The Threshold Operator

The ilThreshImg operator sets each pixel (on a channel by channel basis) to the image's minimum or maximum allowable value, depending on whether the pixel is less than or greater than a specified threshold value. (See “Minimum and Maximum Pixel Values” for more information about how to set an image's minimum and maximum pixel values.)

To create an ilThreshImg operator, you can use one of the following constructors:

ilThreshImg(ilImage* img, const iflPixel& thresh);
ilThreshImg(ilImage* img= NULL, float val = 0);

In the first constructor, the threshold is specified as an iflPixel, and a different threshold level can be applied to each channel of the source image. In the second constructor, the same threshold, val, is applied to all channels.

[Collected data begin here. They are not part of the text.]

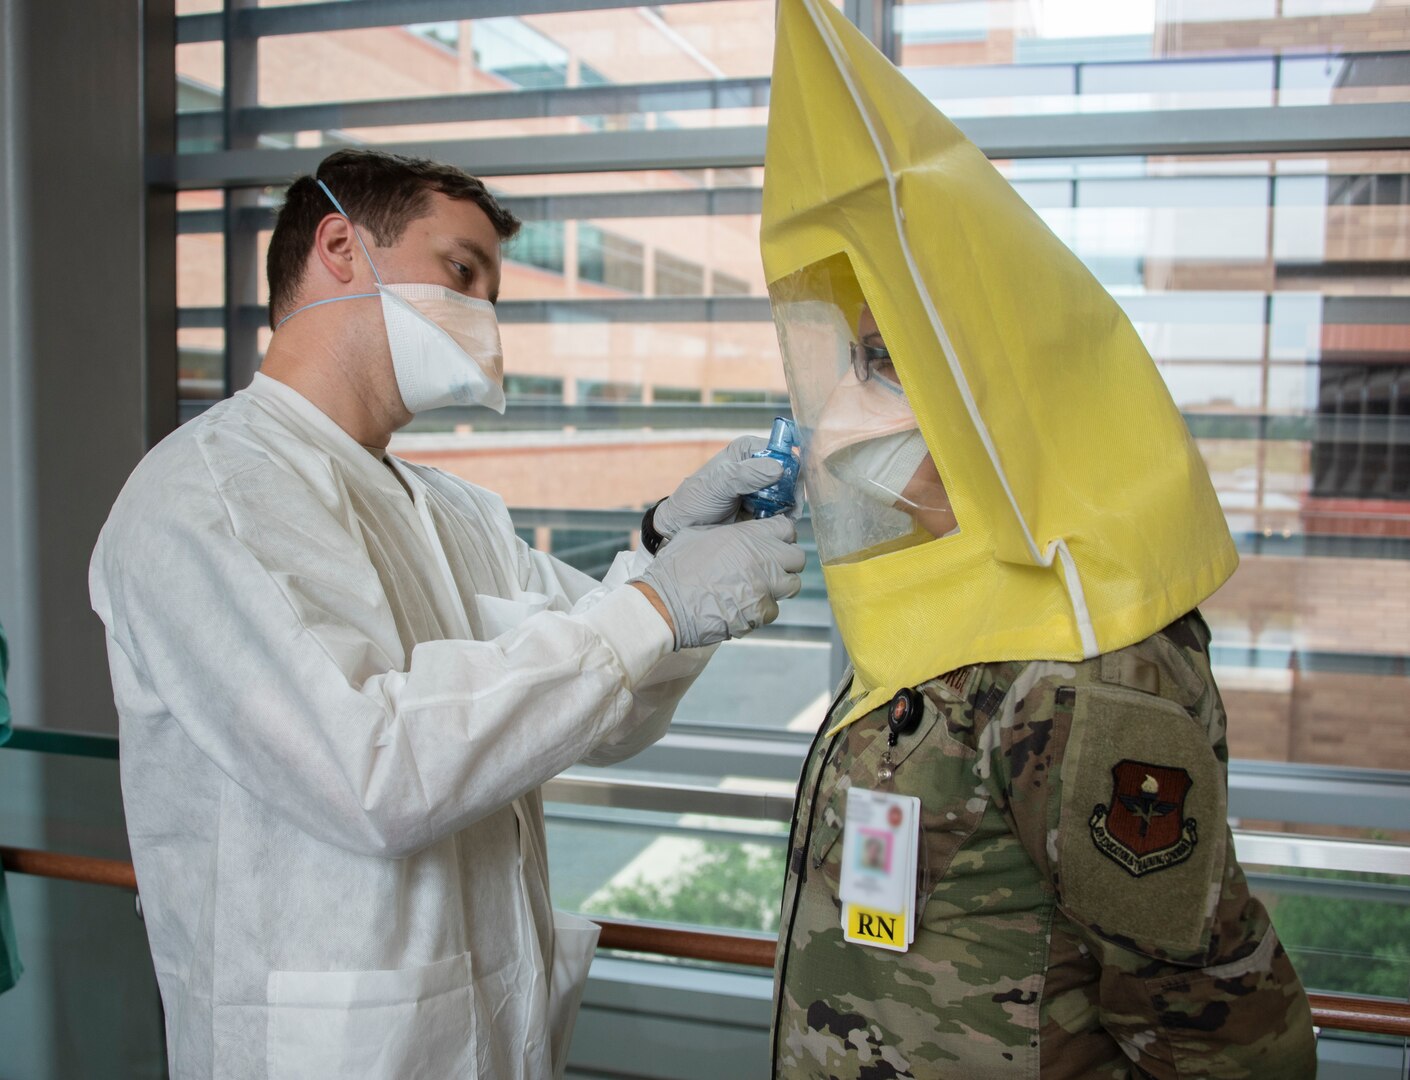 A soldier conducts a respirator fit test for an airman.
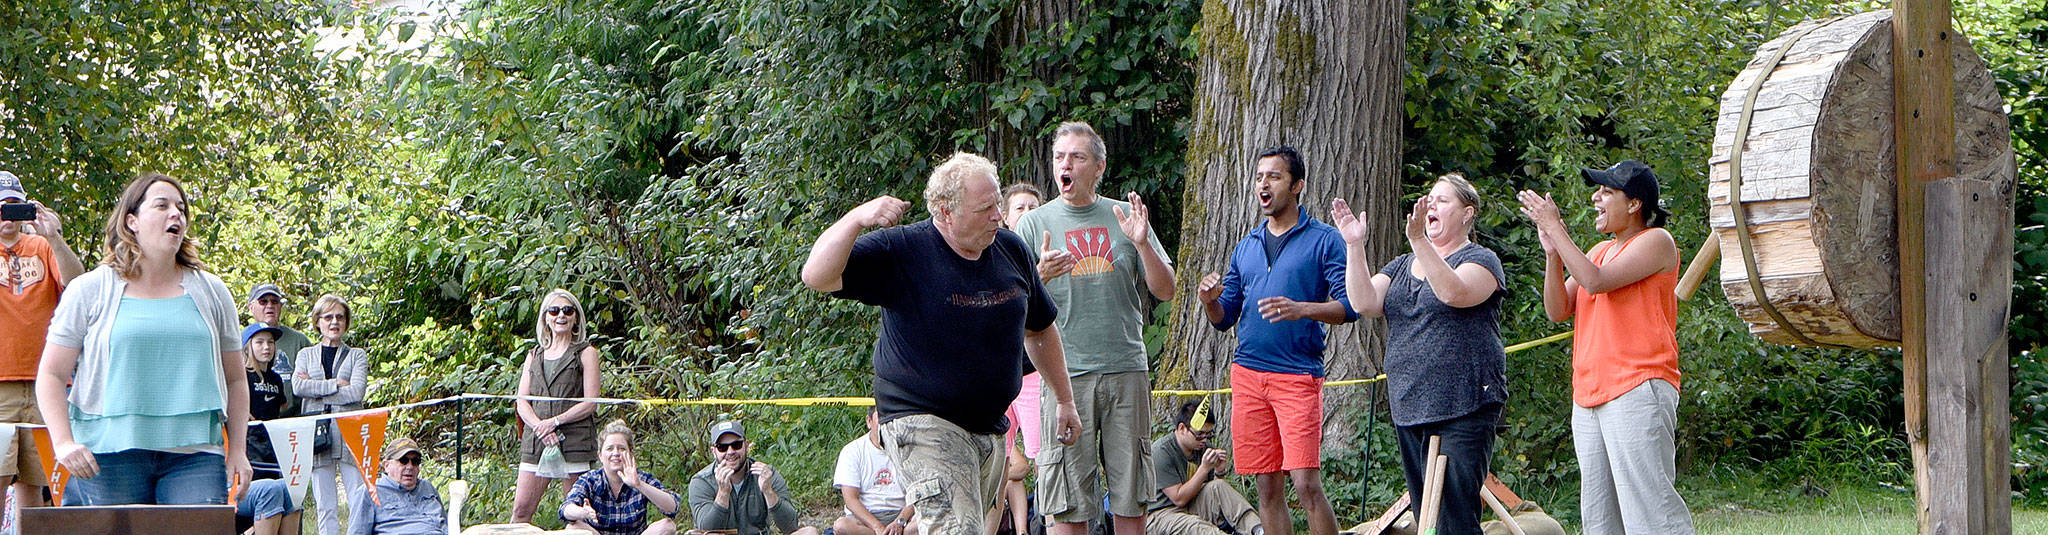 The crowd celebrates a near-perfect axe throw by a contestant Sunday during the timber sports demonstration in Sandy Cove Park.                                (Carol Ladwig/Staff Photo)
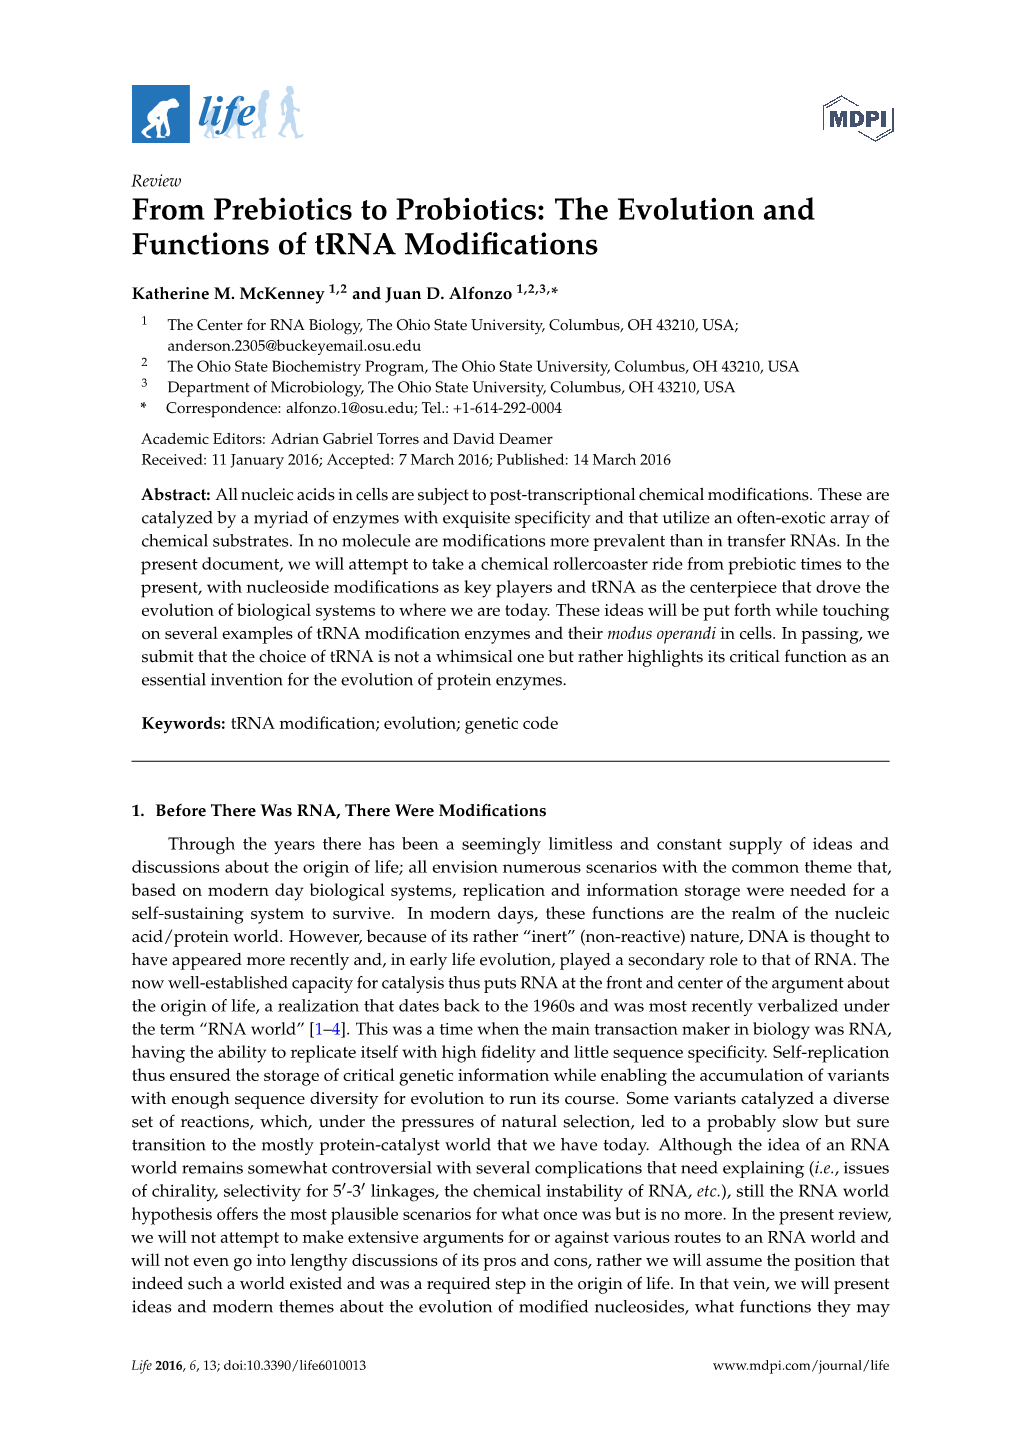 The Evolution and Functions of Trna Modifications
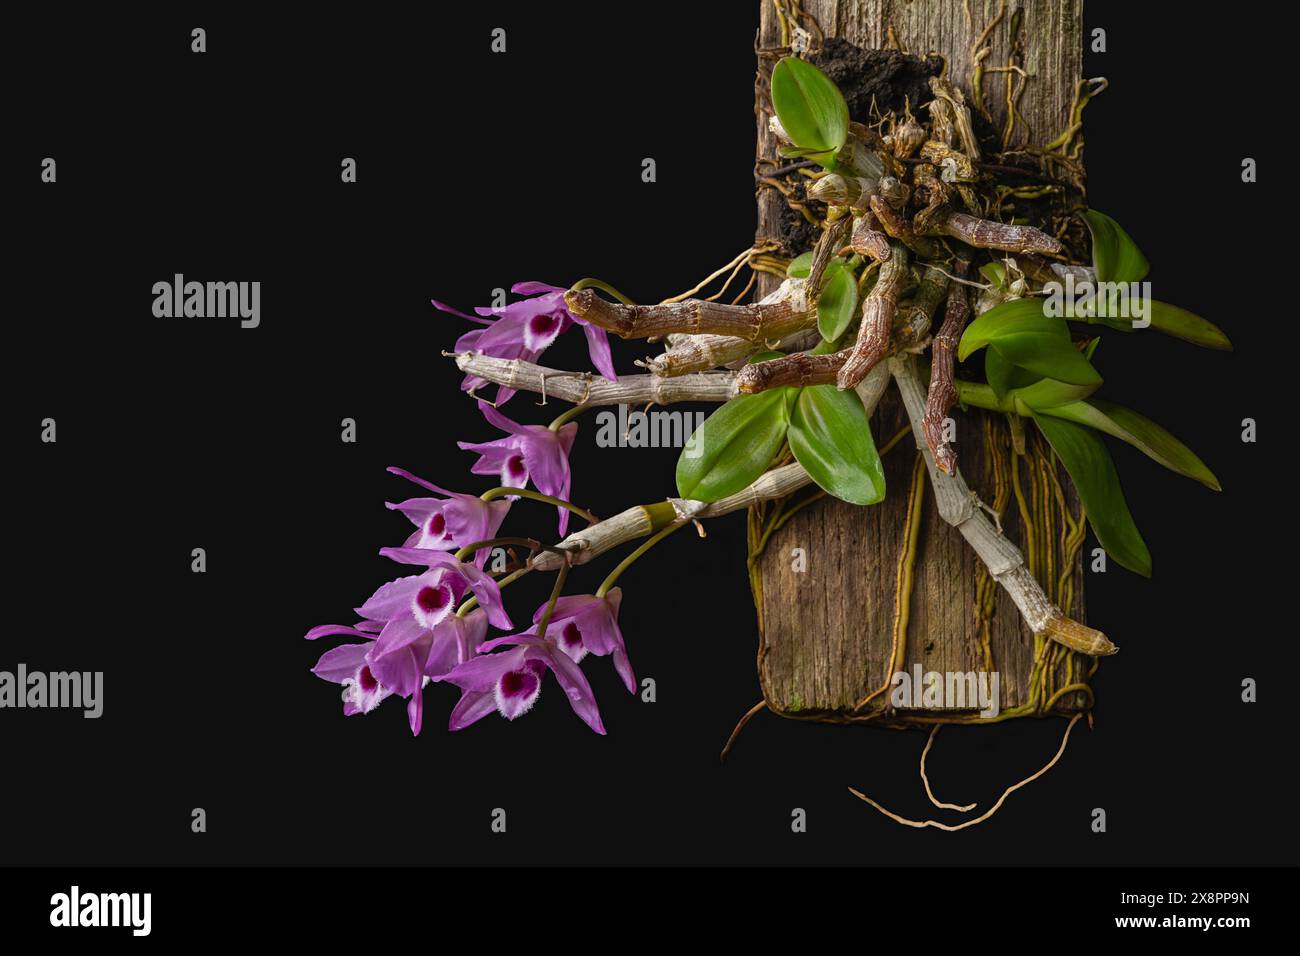 Closeup view of colorful purple and white flowers of tropical epiphytic orchid species dendrobium lituiflorum isolated on black background Stock Photo

Each channel or each pixel of the source image is compared to the threshold value, thresh or val. If the channel value is less than the threshold value, it is set to the image's minimum channel value. If the channel value is greater than or equal to the threshold value, it is set to the maximum channel value. (If thresh is a single-channel pixel, its value is used for all channels of the source image.)

You can query an image about its threshold value and dynamically change this value with these functions:

void getThresh(iflPixel& thresh);
void setThresh(float val);
void setThresh(const iflPixel& thresh);

getThresh() returns the threshold value by reference, and setThresh() sets the threshold value.

ilLutImg

The ilLutImg class transforms a source image using a specified lookup table (LUT). As mentioned previously, ilArithLutImg (see “Single-input Operators”) and ilHistLutImg (see “Histogram Operators”) derive from ilLutImg. Normally, the LUT and the image have the same number of channels. However, two other possibilities are allowed: if the LUT has only one channel, it is applied to each channel of the image. If the source image has only one channel while the LUT has n channels, each LUT channel is applied to the source image in turn, producing an ilLutImg with n channels. (For any other combination, the ilStatus value ilLUTSIZEMISMATCH is returned by any data access operations.)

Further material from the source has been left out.